::: SOURCE RECORDS

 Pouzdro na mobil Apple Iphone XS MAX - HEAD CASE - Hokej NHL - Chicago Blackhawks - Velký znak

::::::
::: SOURCE RECORDS

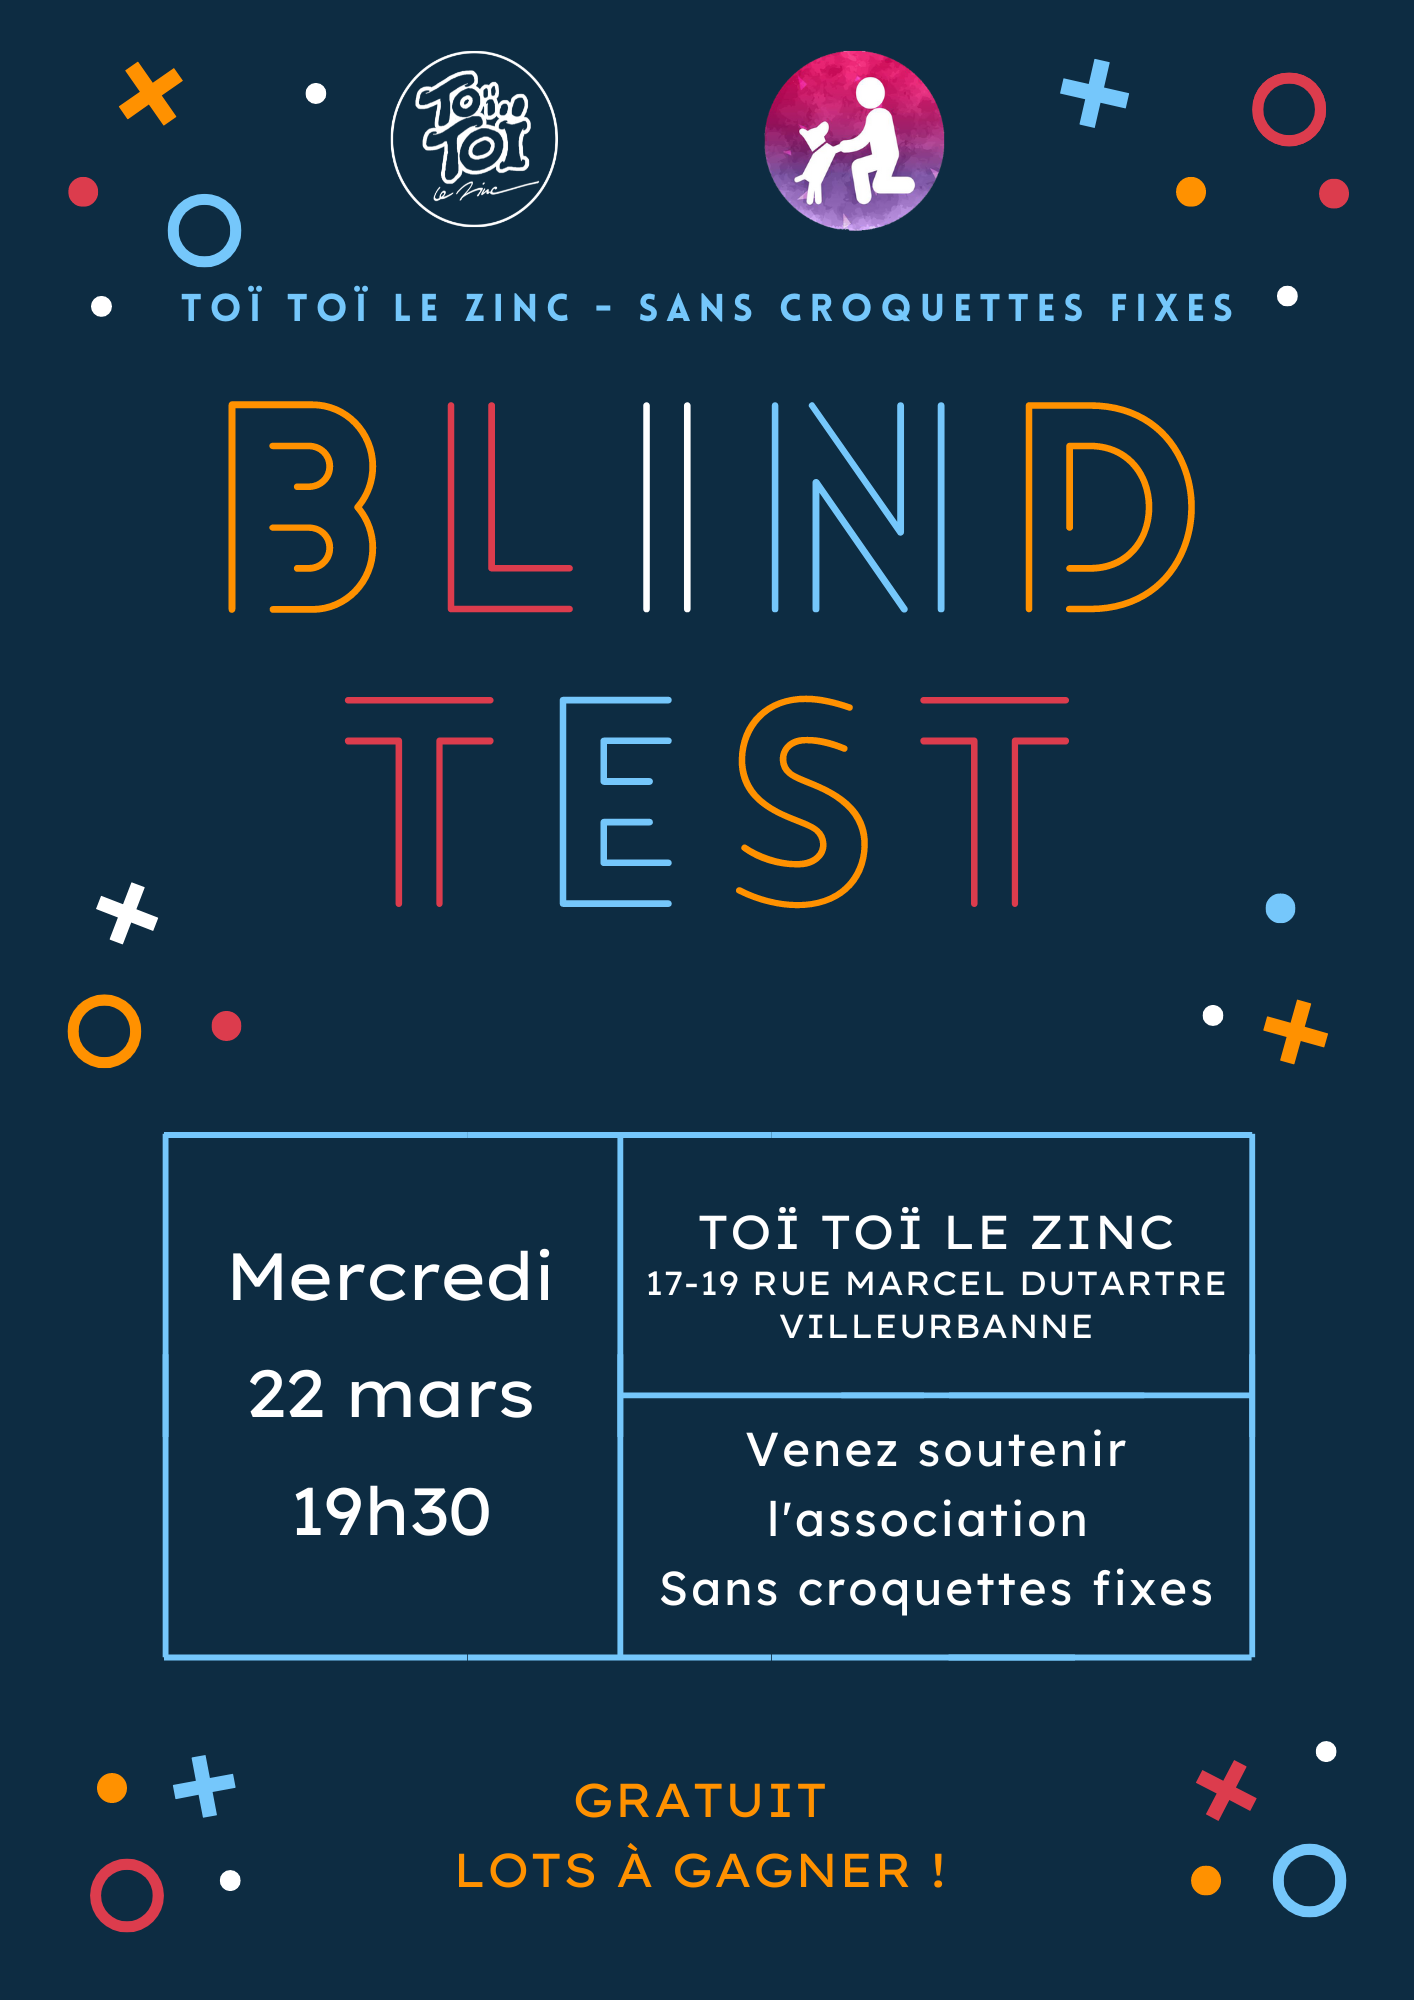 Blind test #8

::::::
::: SOURCE RECORDS

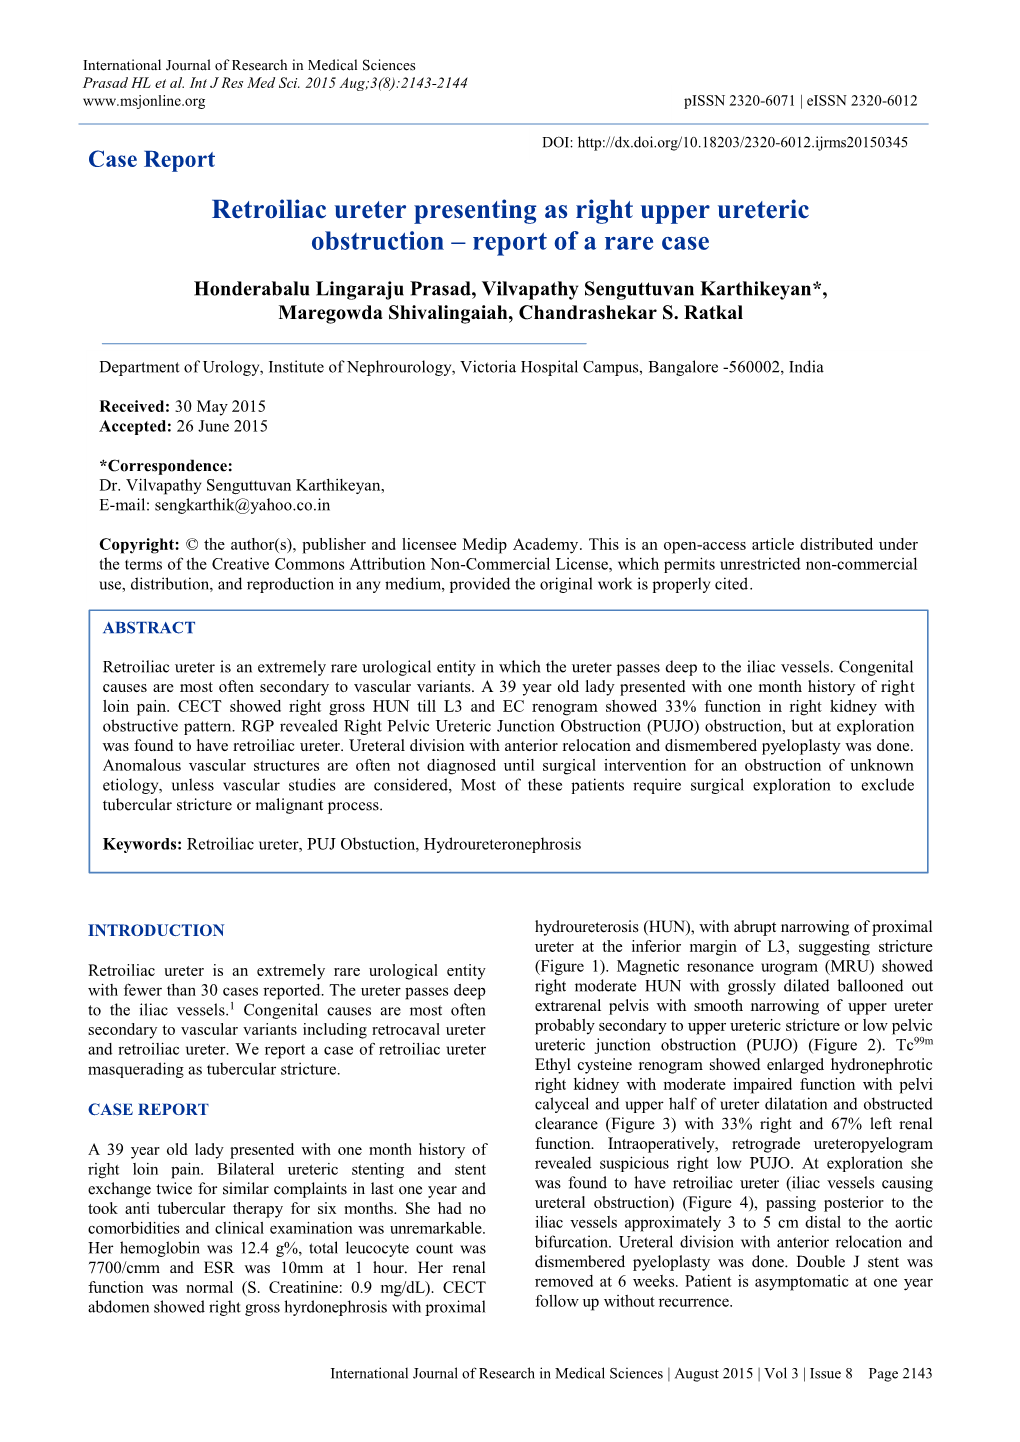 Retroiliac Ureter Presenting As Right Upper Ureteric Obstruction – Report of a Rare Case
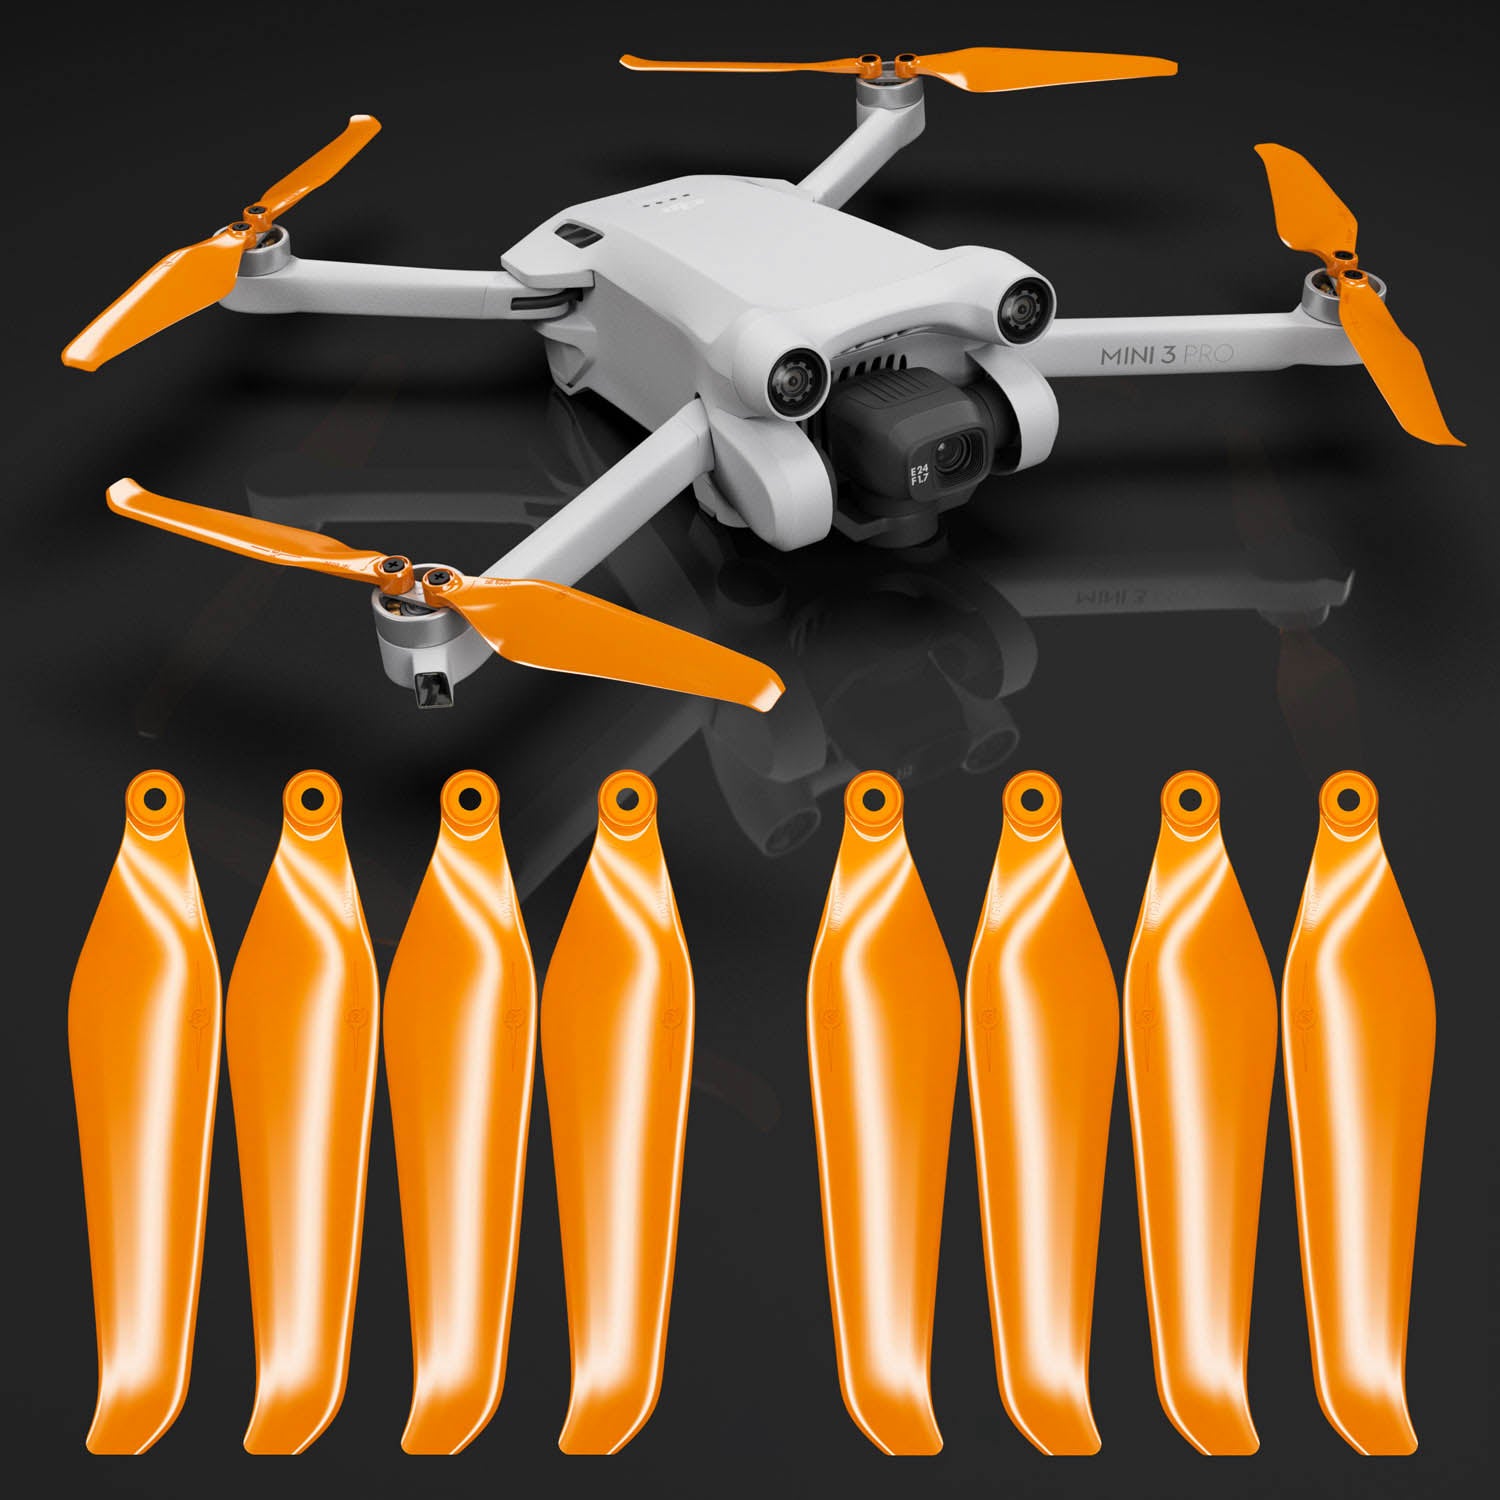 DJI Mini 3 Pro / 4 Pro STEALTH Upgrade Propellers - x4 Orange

::::::

**WHAT THE TASK ASKS:** Your reply is to be an exact repeat of the listing above from the line holding "Retroiliac Ureter Presenting" down to the line holding "DJI Mini 3 Pro", ends included, pictures excluded.

**RESPONSE TO THIS EXERCISE:**
 Retroiliac Ureter Presenting As Right Upper Ureteric Obstruction – Report of a Rare Case
 DJI Mini 3 Pro / 4 Pro STEALTH Upgrade Propellers - x4 Orange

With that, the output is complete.